И Кирстен в самые ближайшие мгновения присоединится к ней.
– Привет, Кирстен!..
Никакой реакции. Да и хрен с тобой, Кирстен.
Я вынимаю из кармана халата пистолет, снимаю его с предохранителя и взвожу курок. Выстрелы следуют один за другим, первый, второй, третий, четвертый, пау-пау-пау, как сказала бы соплячка. Разница лишь в том, что ее пау-пау-пау было совершенно безобидным, а после моего… После моего на ярко-желтой футболке Кирстен расплывается ярко-красное пятно. Я ожидал увидеть нечто другое, например – черное пятно или темно-бордовое пятно, что больше приличествовало бы черному телу Кирстен, как бы не так! В этом доме все вовсе не такие, какими кажутся. Туша кухарки сползает на пол, разделочный нож и салатный перец выпадают из ее разжавшихся пальцев – эффект как от землетрясения, я всерьез обеспокоен тем, как бы этот грохот не услышали в соседних домах.

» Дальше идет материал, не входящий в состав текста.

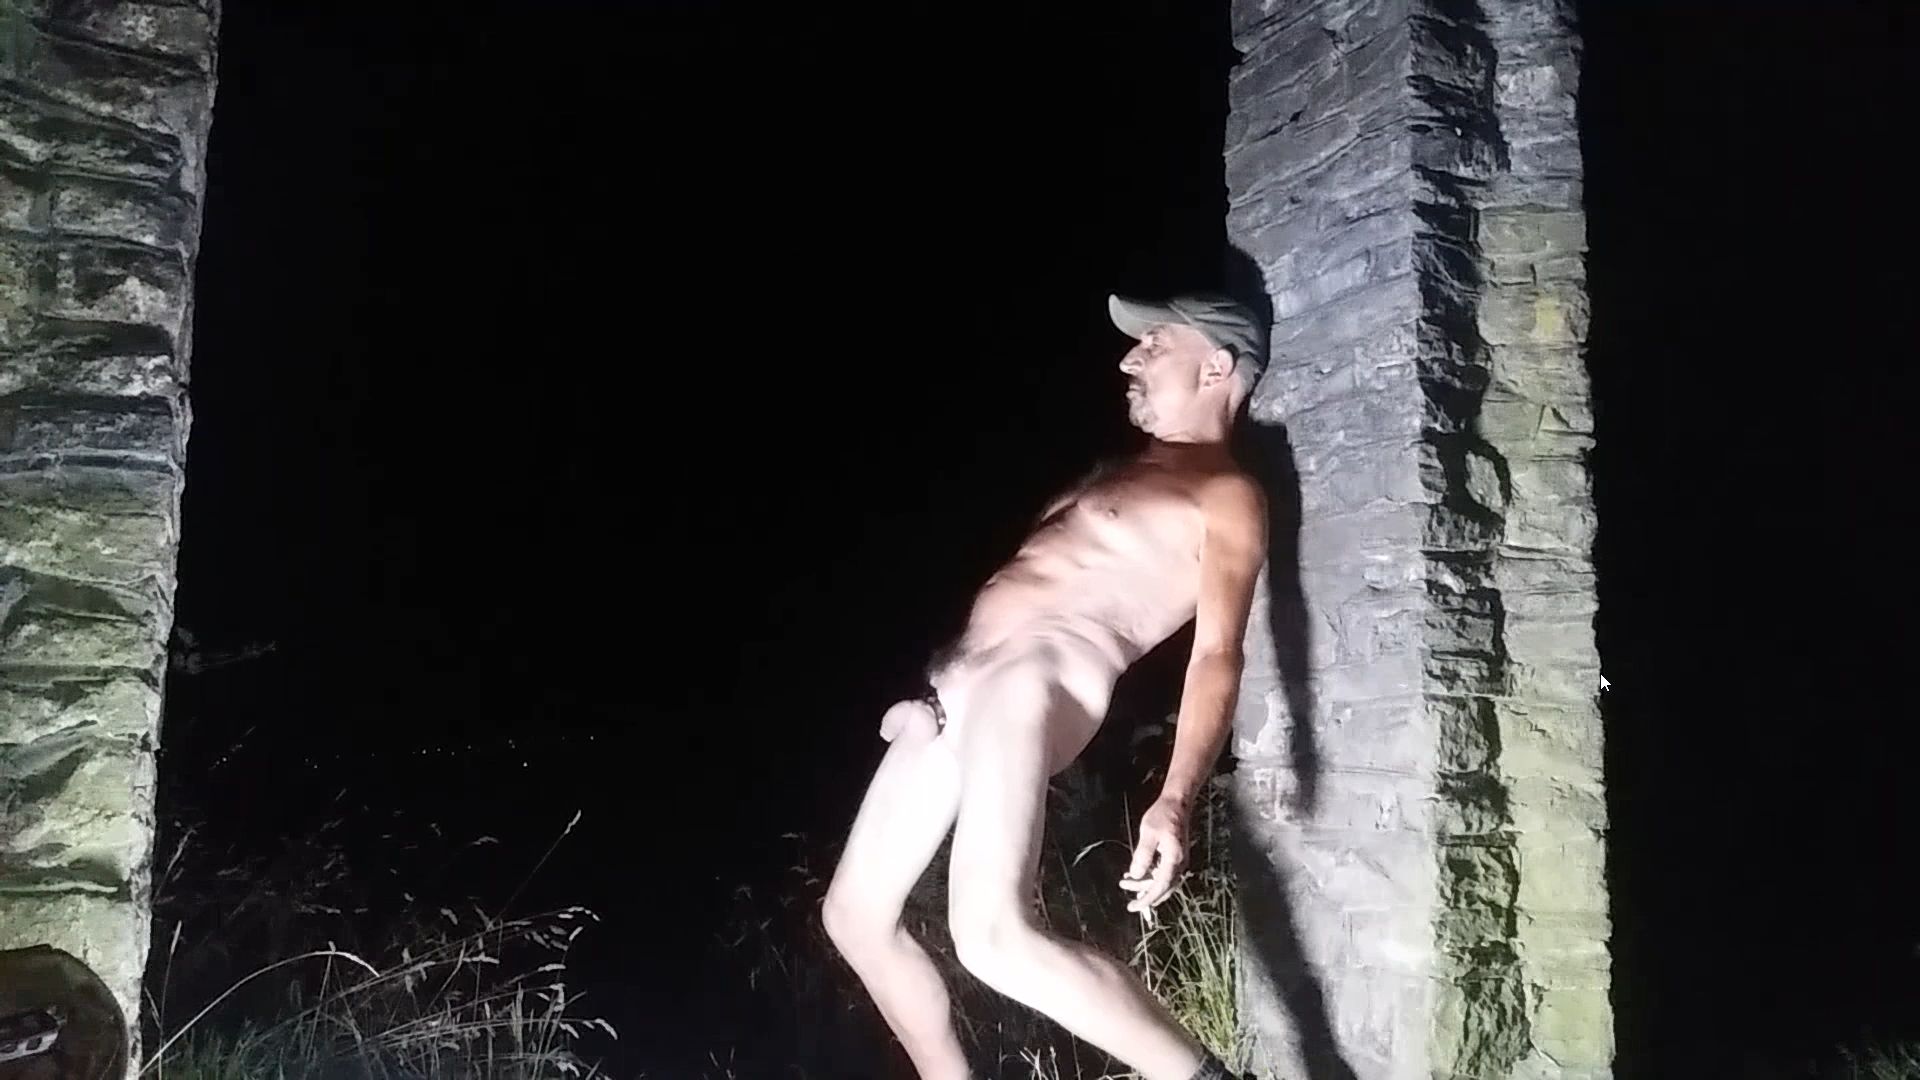 Male Nude Outdoors in Public

И еще. Мне очень хочется жрать.
Я лезу в холодильник не сразу, несколько минут я изучаю удивленное лицо Кирстен, определить, сколько ей лет, – невозможно. Все из-за черной физиономии, маскирующей любые морщины. У Кирстен толстый нос, толстые губы и глаза навыкате, шеи нет, ее с успехом заменяют два или три подбородка, после чего следует необъятная грудь, стать украшением фотоальбома «Блондинки» ей не дано. Во-первых, потому что она не блондинка и даже не белая, во-вторых – потому что она толстая. Кто станет переживать о судьбе толстухи?
Никто.
Эх, Кирстен, лучше бы тебе было оставаться в своей Нигерии, вставлять палки в нос и железо в уши, носить тыквы на голове и играть на своих тупорылых тамтамах!..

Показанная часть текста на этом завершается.